* **DATA**:

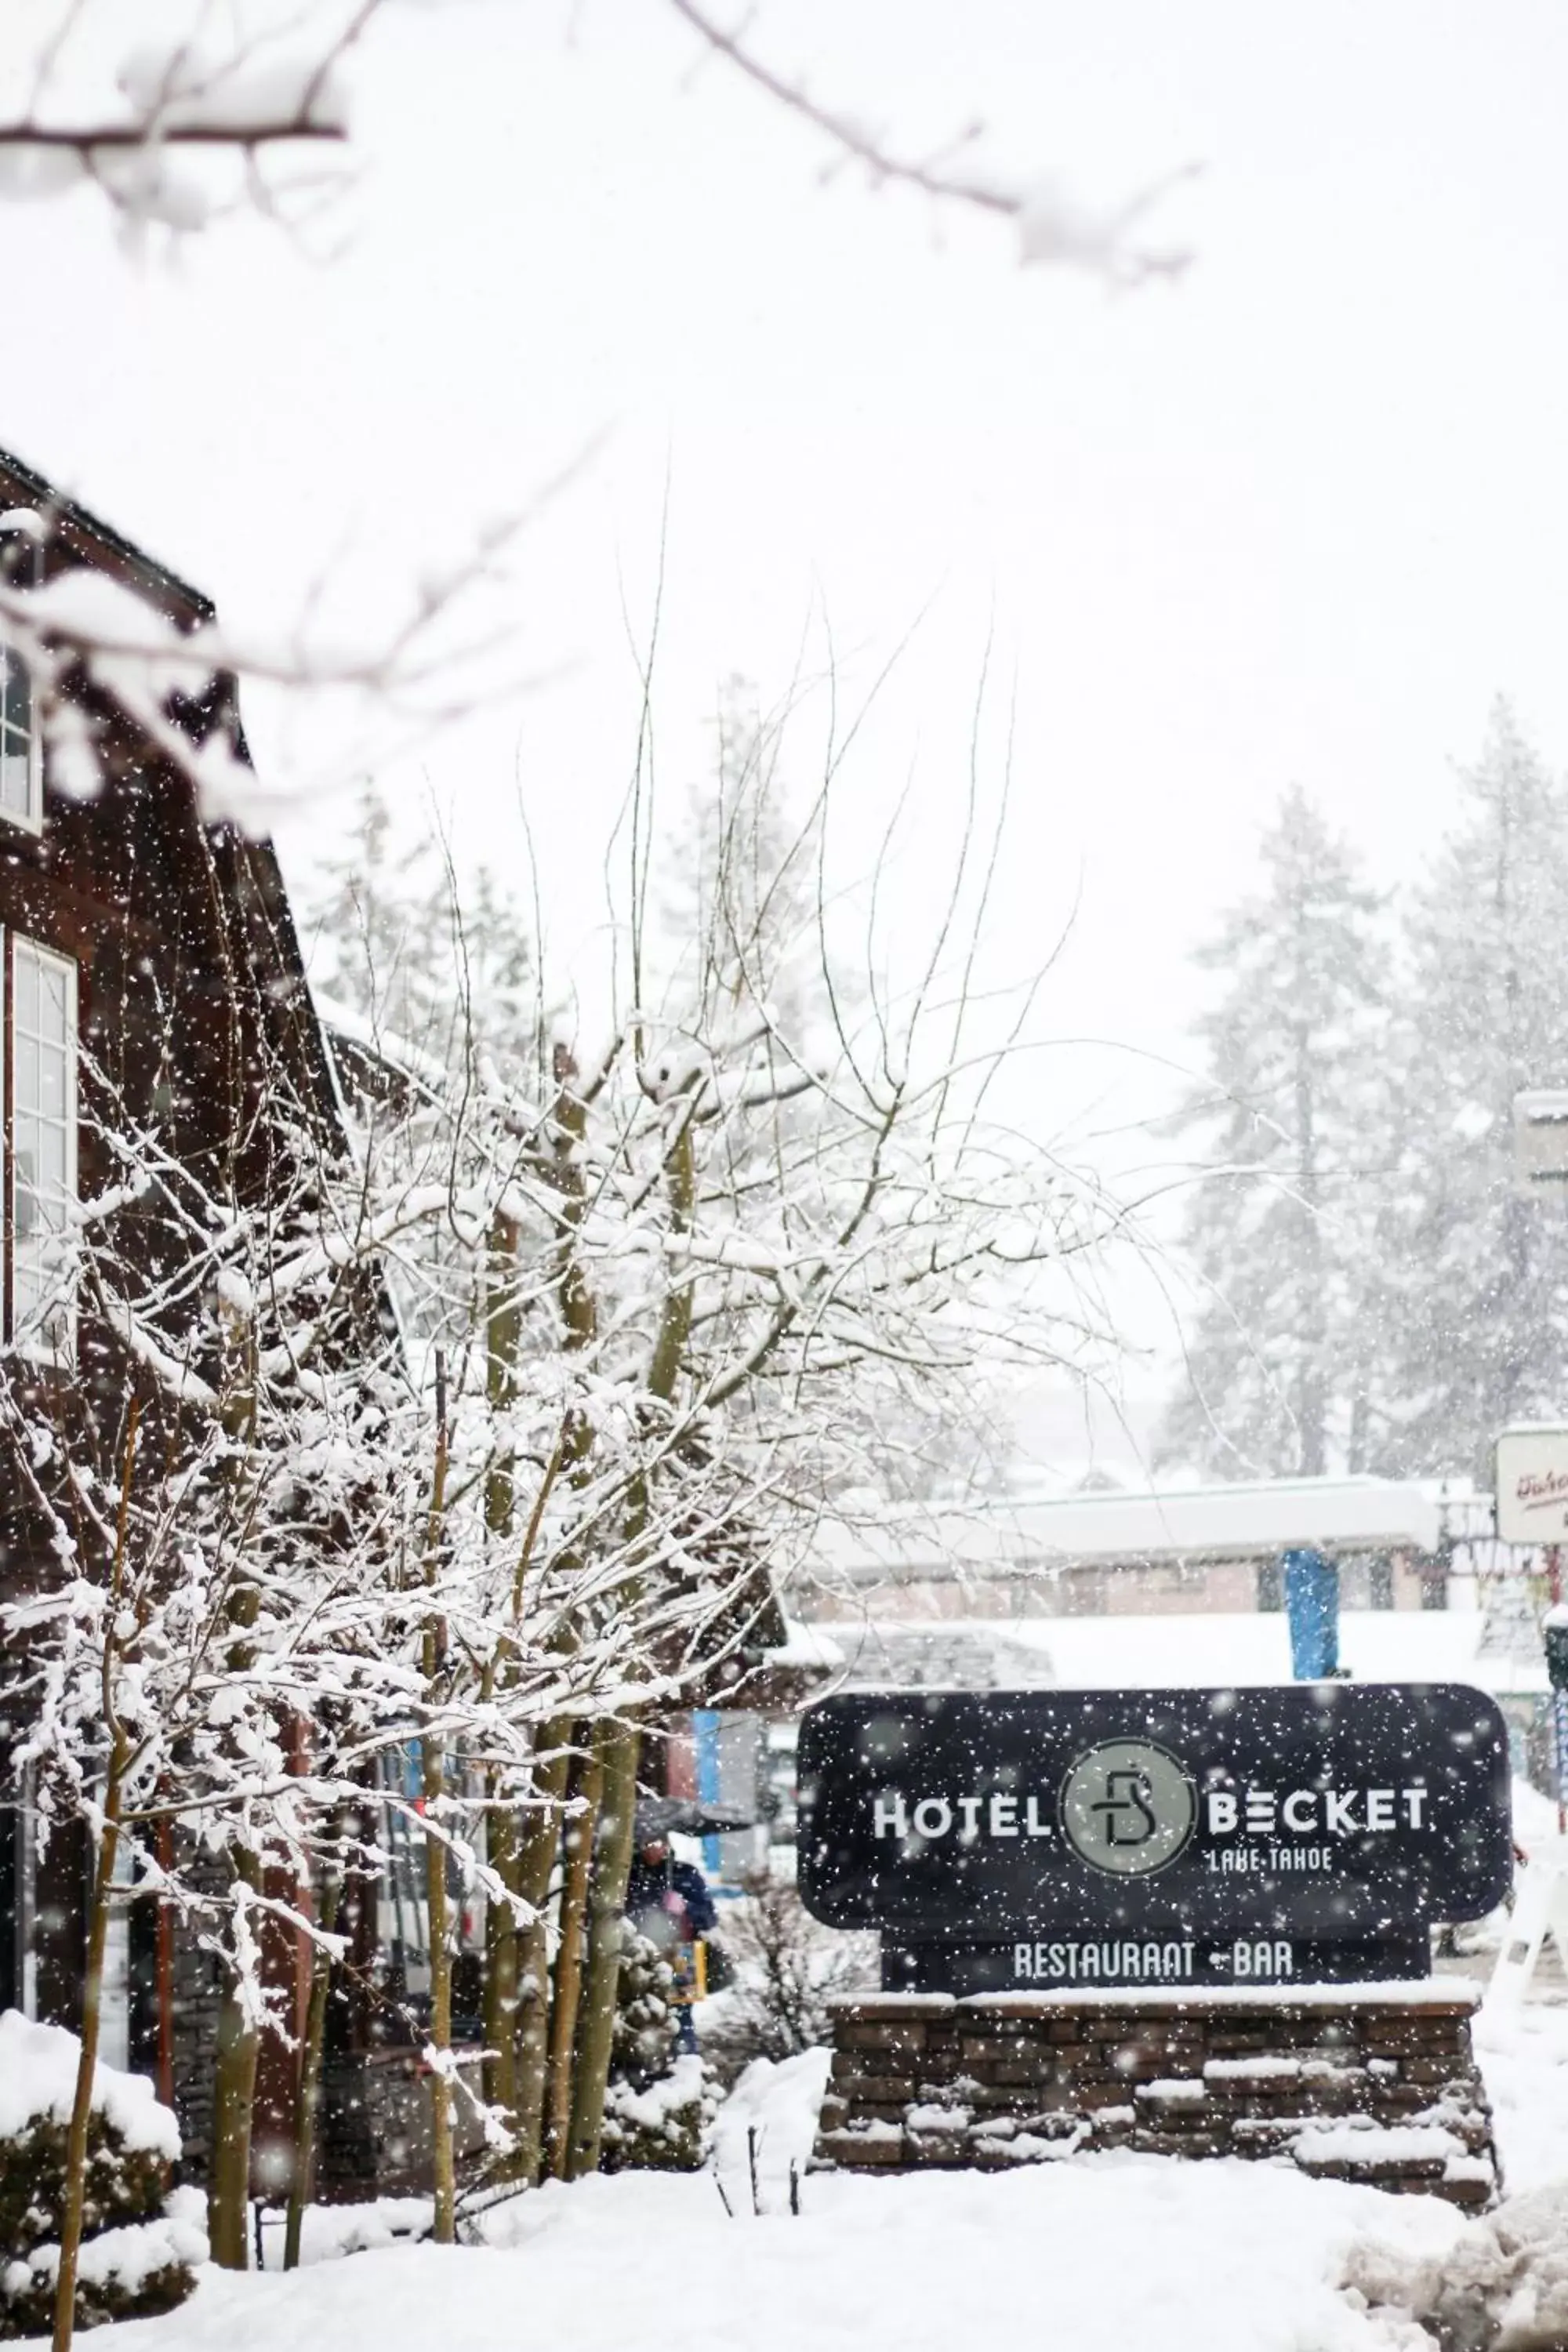 Property building, Winter in Hotel Becket
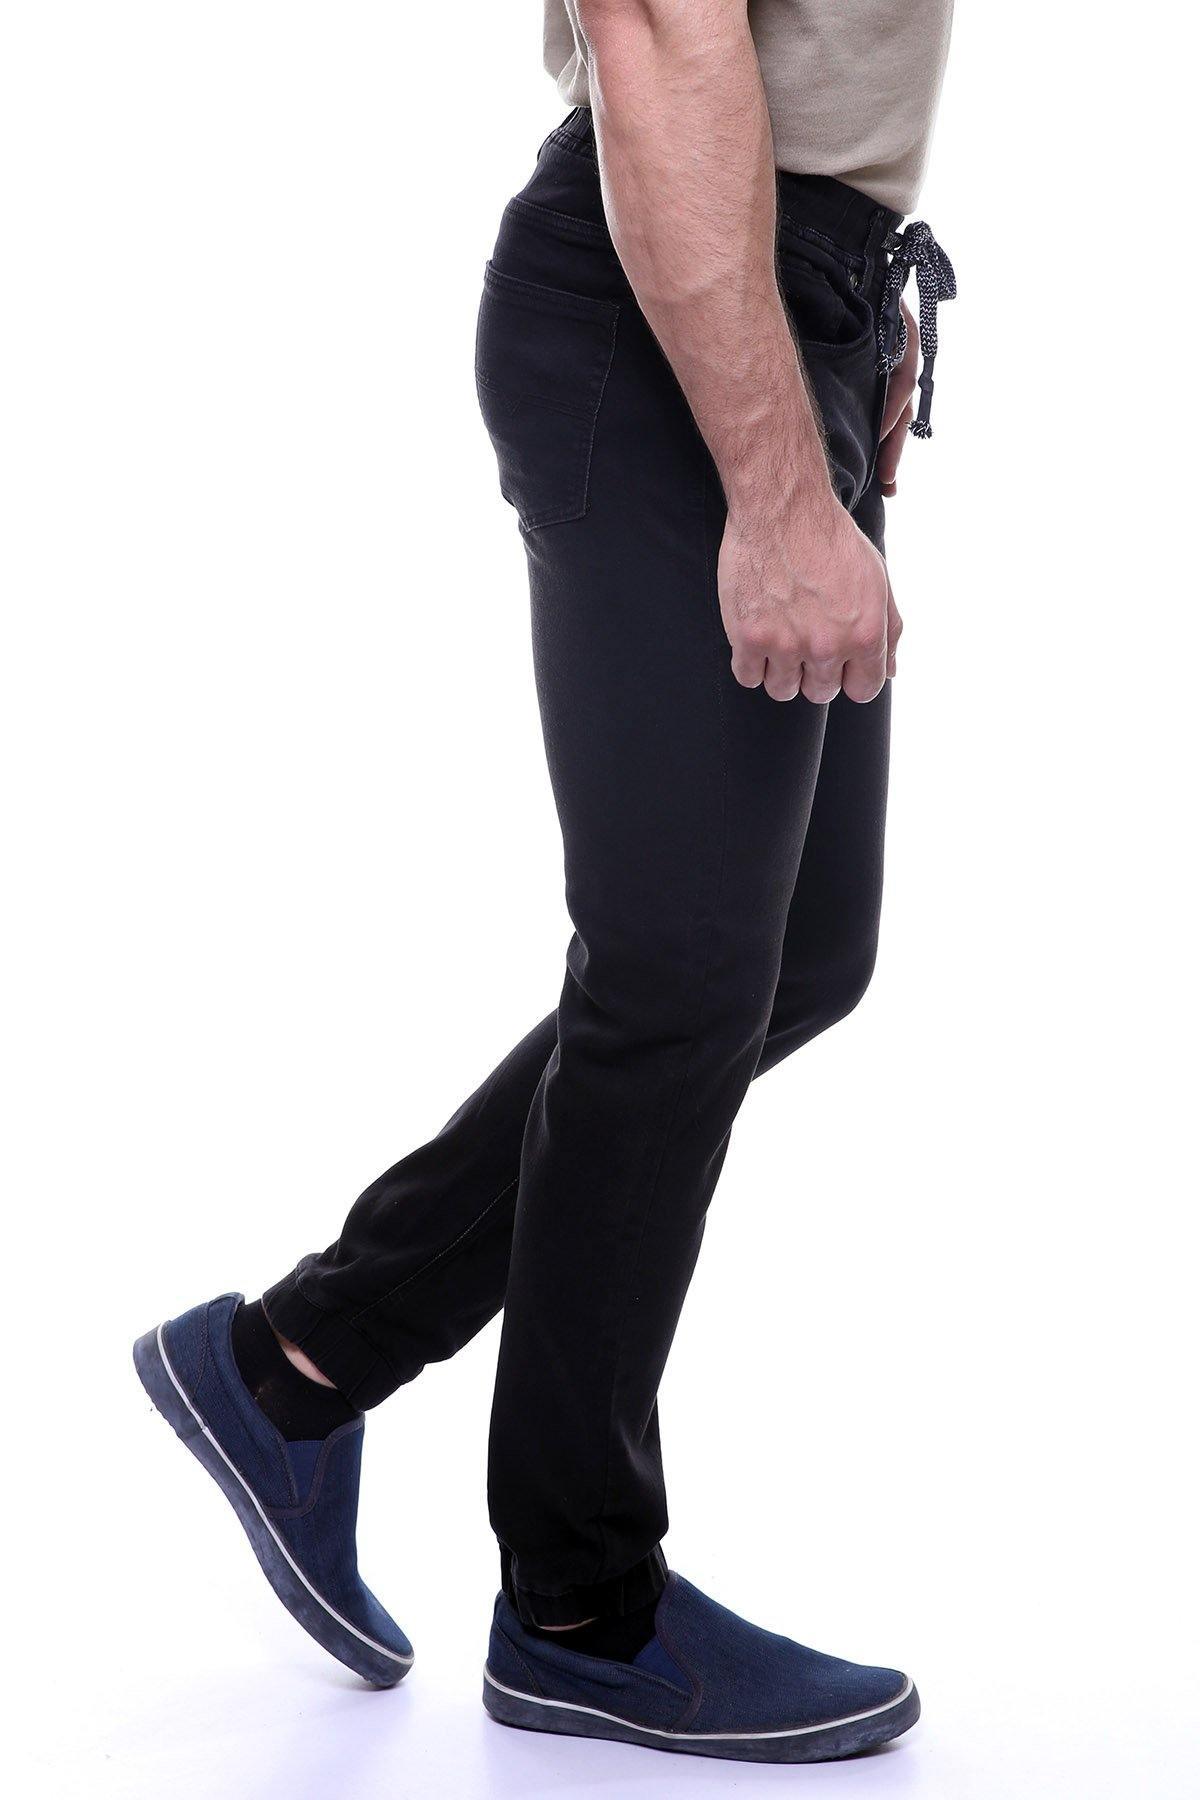 Jeans Trouser 5 Pocket Black at Charcoal Clothing
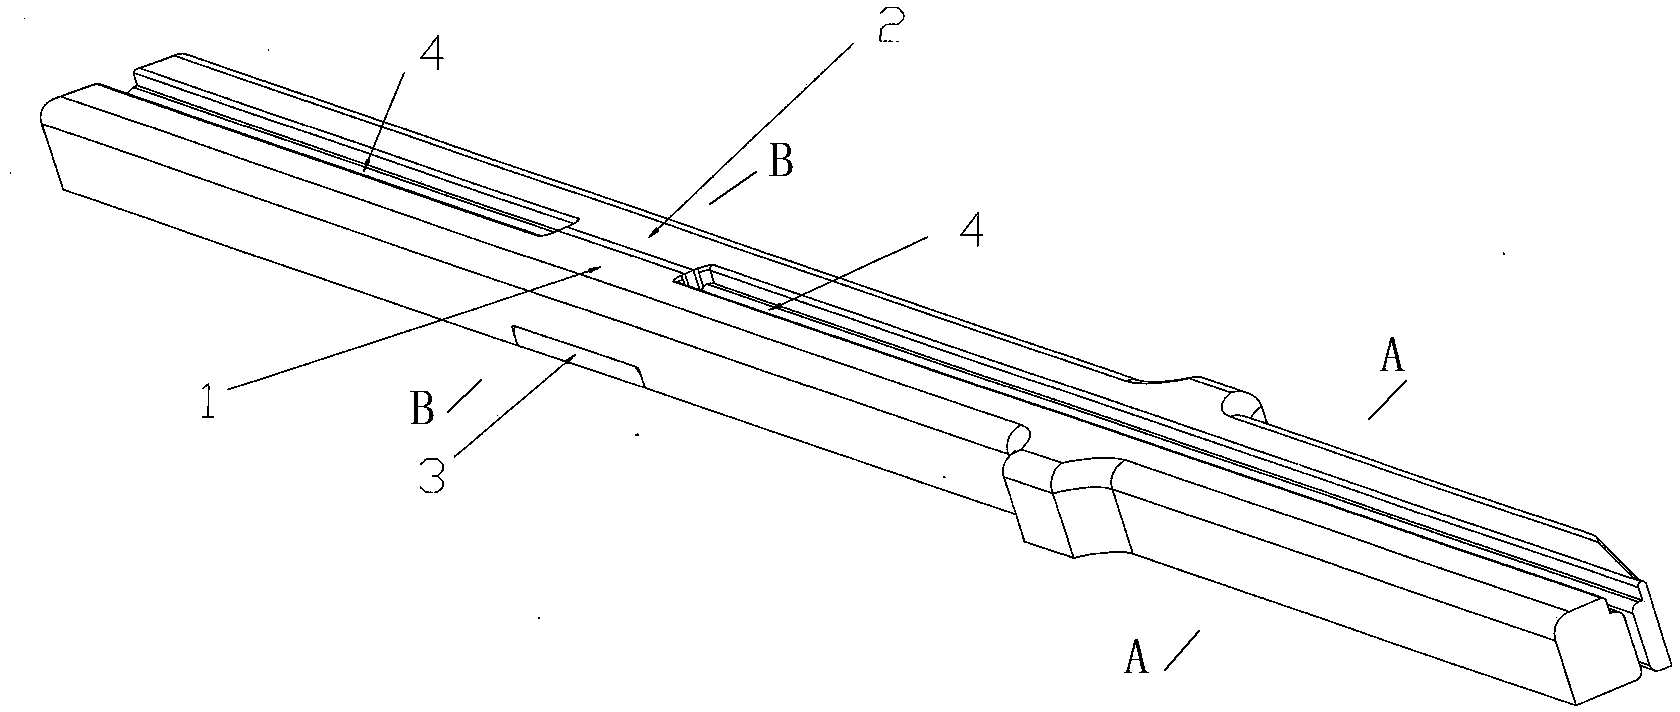 Forming tool and method for I-shaped stringers with openings
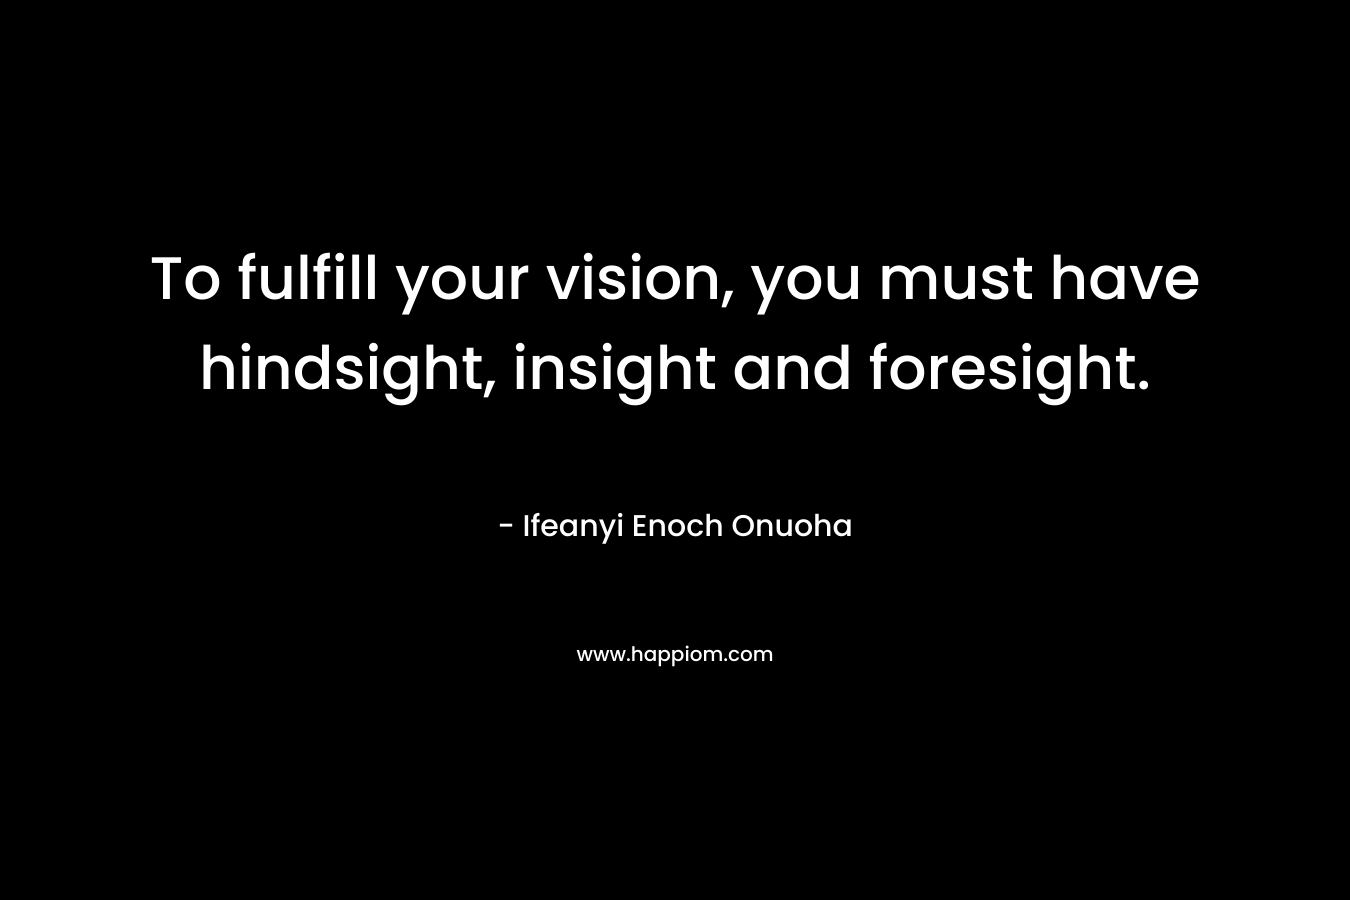 To fulfill your vision, you must have hindsight, insight and foresight. – Ifeanyi Enoch Onuoha

* **DIRECTIONS**: Retype the listing verbatim, minus every image.

* **COMPLETED EXERCISE**:
 Property building, Winter in Hotel Becket
 Jeans Trouser 5 Pocket Black at Charcoal Clothing
 Forming tool and method for I-shaped stringers with openings
 To fulfill your vision, you must have hindsight, insight and foresight. – Ifeanyi Enoch Onuoha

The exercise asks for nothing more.